Trudno zgodzić się z głównymi tezami tekstu Kolegi Przewodniczącego. To zaklinanie rzeczywistości politykom PO niewiele pomoże.

tekście „Prezydenta nie tak łatwo usunąć” dostrzec można wiele elementów myślenia politycznego charakterystycznego dla ugrupowania, które nie może pogodzić się z utratą władzy.

Po pierwsze, w tzw. aferze reprywatyzacyjnej (zwanej czasami aferą warszawską) nie chodzi o to, kto bliżej jest przejęcia władzy w Warszawie, a raczej kto tę władzę może utracić.

Po drugie, nagonka medialna wcale nie została zainspirowana przez PiS, a przez mieszkańców stolicy po obszernej publikacji o nieprawidłowościach w Gazecie Wyborczej.

Po trzecie, o żadnym naginaniu przez PiS przepisów prawa nie ma mowy, chodzi o fakty zbadane i ujawnione przez dziennikarzy.

Po czwarte wreszcie, nie ma mowy o żadnym procesie sądowym czy o wyroku skazującym, bo przyczyny zmian personalnych wydają się być w świetle prawa zupełnie inne.

Te 4 tezy zawarte w tekście Kolegi Przewodniczącego pokazują wyraźnie, że politycy PO jeszcze nie do końca zrozumieli przyczyny utraty władzy w kraju – oderwanie od rzeczywistości, tworzenie własnego świata, nierozumienie prawdziwych problemów Polaków, utrata kontaktu z obywatelami, nieliczenie się z faktami i wiele innych.
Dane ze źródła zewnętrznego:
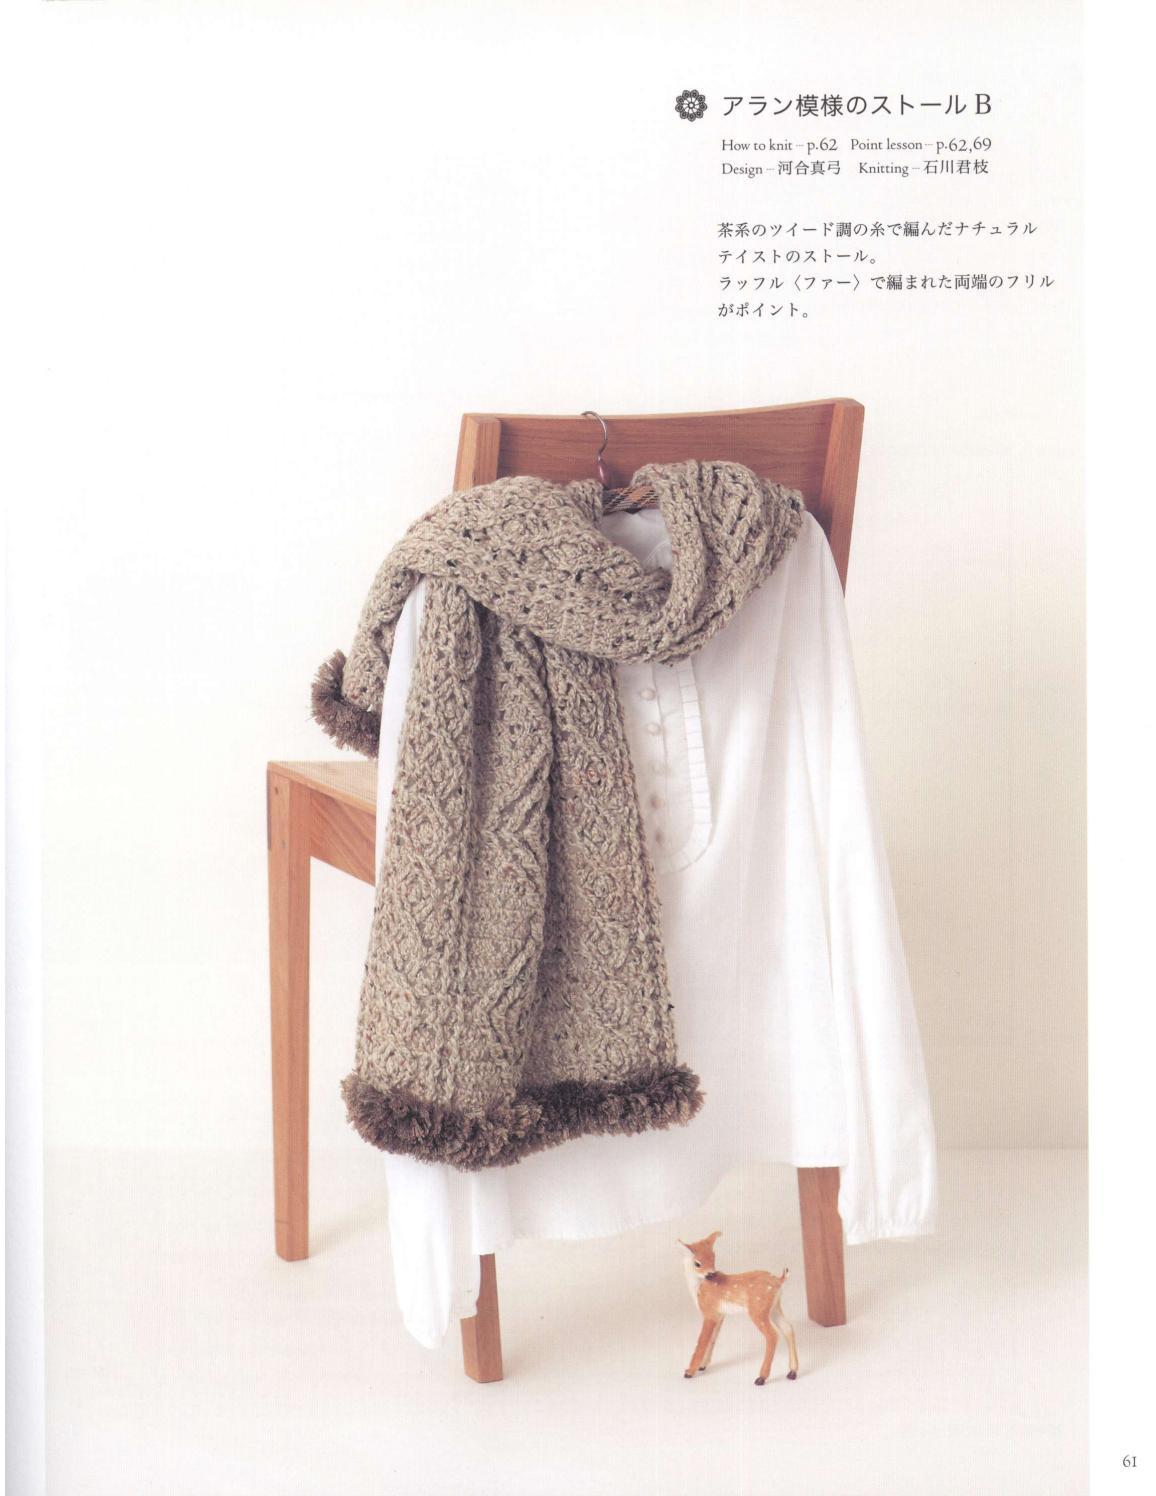 Asahi original crochet best selection 2012 page 61

Korzystają na tym partie typu Nowoczesna czy Razem, a Platformie grozi zupełna marginalizacja.

Po tych kwestiach politycznych oddajmy głos fachowcom, którzy niejako z boku przyglądają się sprawie tej afery. Bo tutaj coraz wyraźniej zaczynają pojawiać się głosy, że po aferze warszawskiej są przesłanki do wprowadzenia zarządu komisarycznego, a próba wyciszenia tej afery to tylko pobożne życzenia. A wcześniejsze wybory są całkiem realne.
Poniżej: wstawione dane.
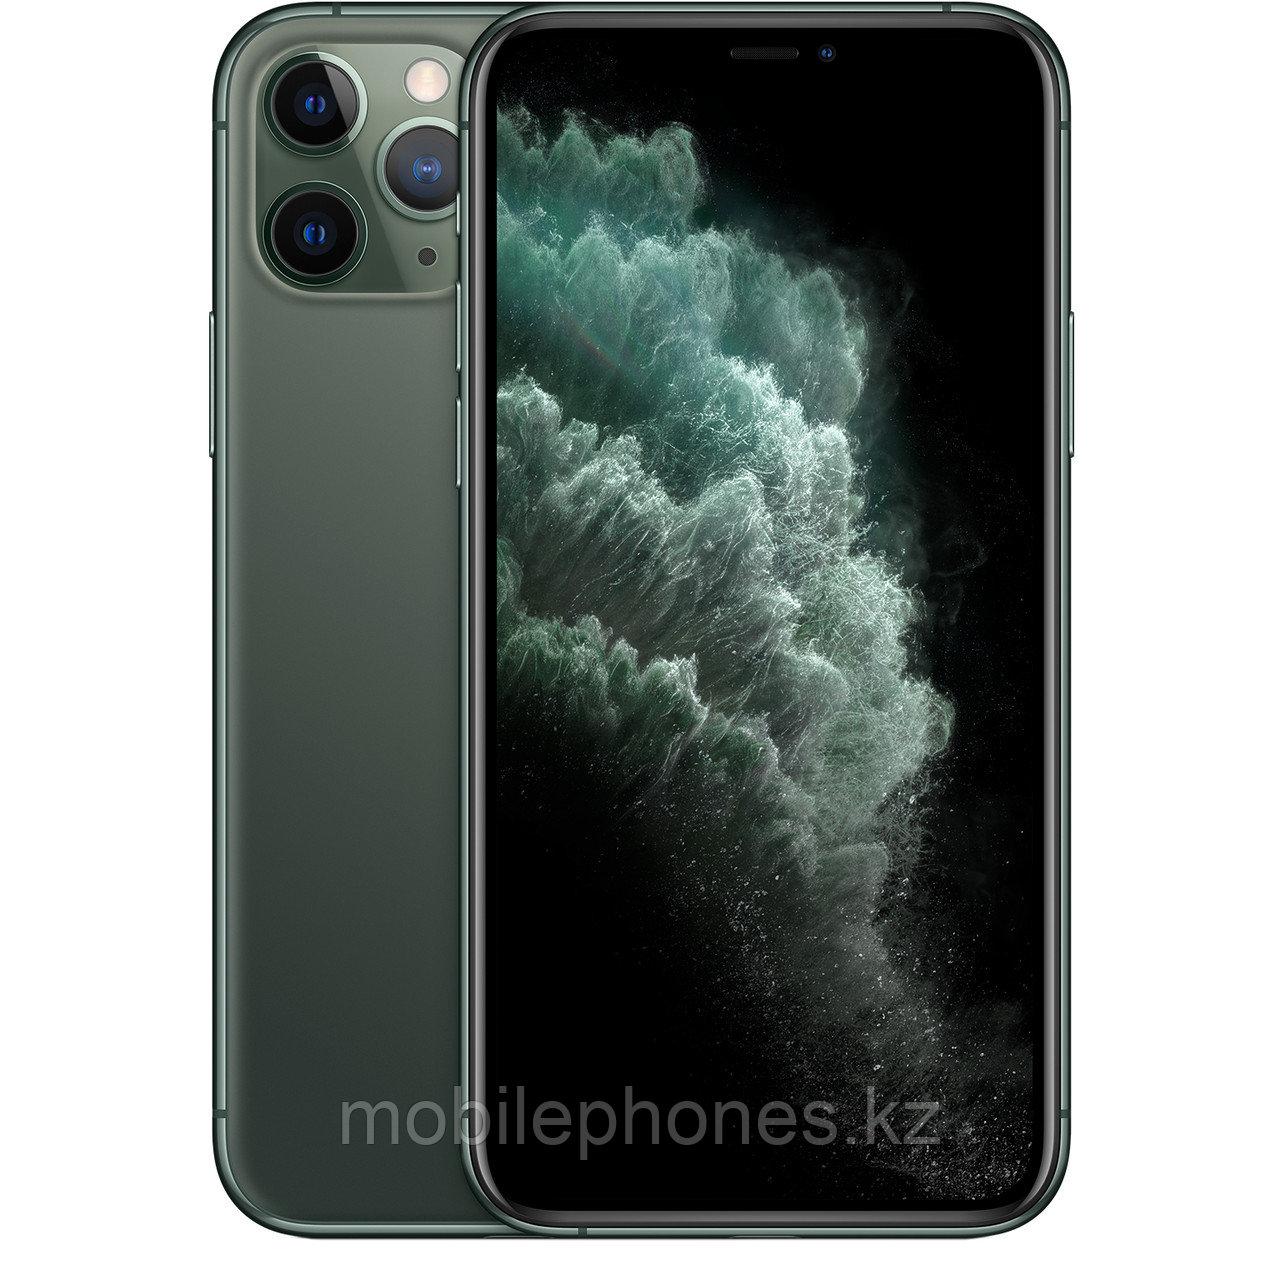 Смартфон Apple IPhone 11 Pro Max 256Gb OLD BOX Зелёный

Chociażby znany prawnik specjalizujący się w prawie samorządowym Stefan Płażek uważa, że są przesłanki do radykalnych działań. Ten adwokat, doktor nauk prawnych w Katedrze Prawa Samorządu Terytorialnego Uniwersytetu Jagiellońskiego mówi, że skala nieprawidłowości w Warszawie może dać podstawę do zastosowania art. 97 Ustawy o samorządzie gminnym. Cytat z jego wypowiedzi: „Takiego złodziejstwa nie było nawet w Krakowie, gdzie te przypadki były pojedyncze, a w Warszawie to jest na masową skalę, a to może dopiero wierzchołek góry lodowej”.

Komisarza powołuje premier na wniosek wojewody, zgłoszony za pośrednictwem właściwego ministra – czyli prezydenta wbrew pozorom łatwo jest usunąć.

Adwokat dodaje, że obok odpowiedzialności prawnej jest jeszcze honorowa: „W takich przypadkach można by się spodziewać, że osoby odpowiedzialne podadzą się do dymisji, ale to jest kwestia honoru i poczucia odpowiedzialności (…)”.

PS. To mój wpis nr 100 na tym blogu, tak wyszło, że na tematy ogólnopolskie. Dziękuję Redakcji za propozycję prowadzenia bloga, złożoną mi swego czasu.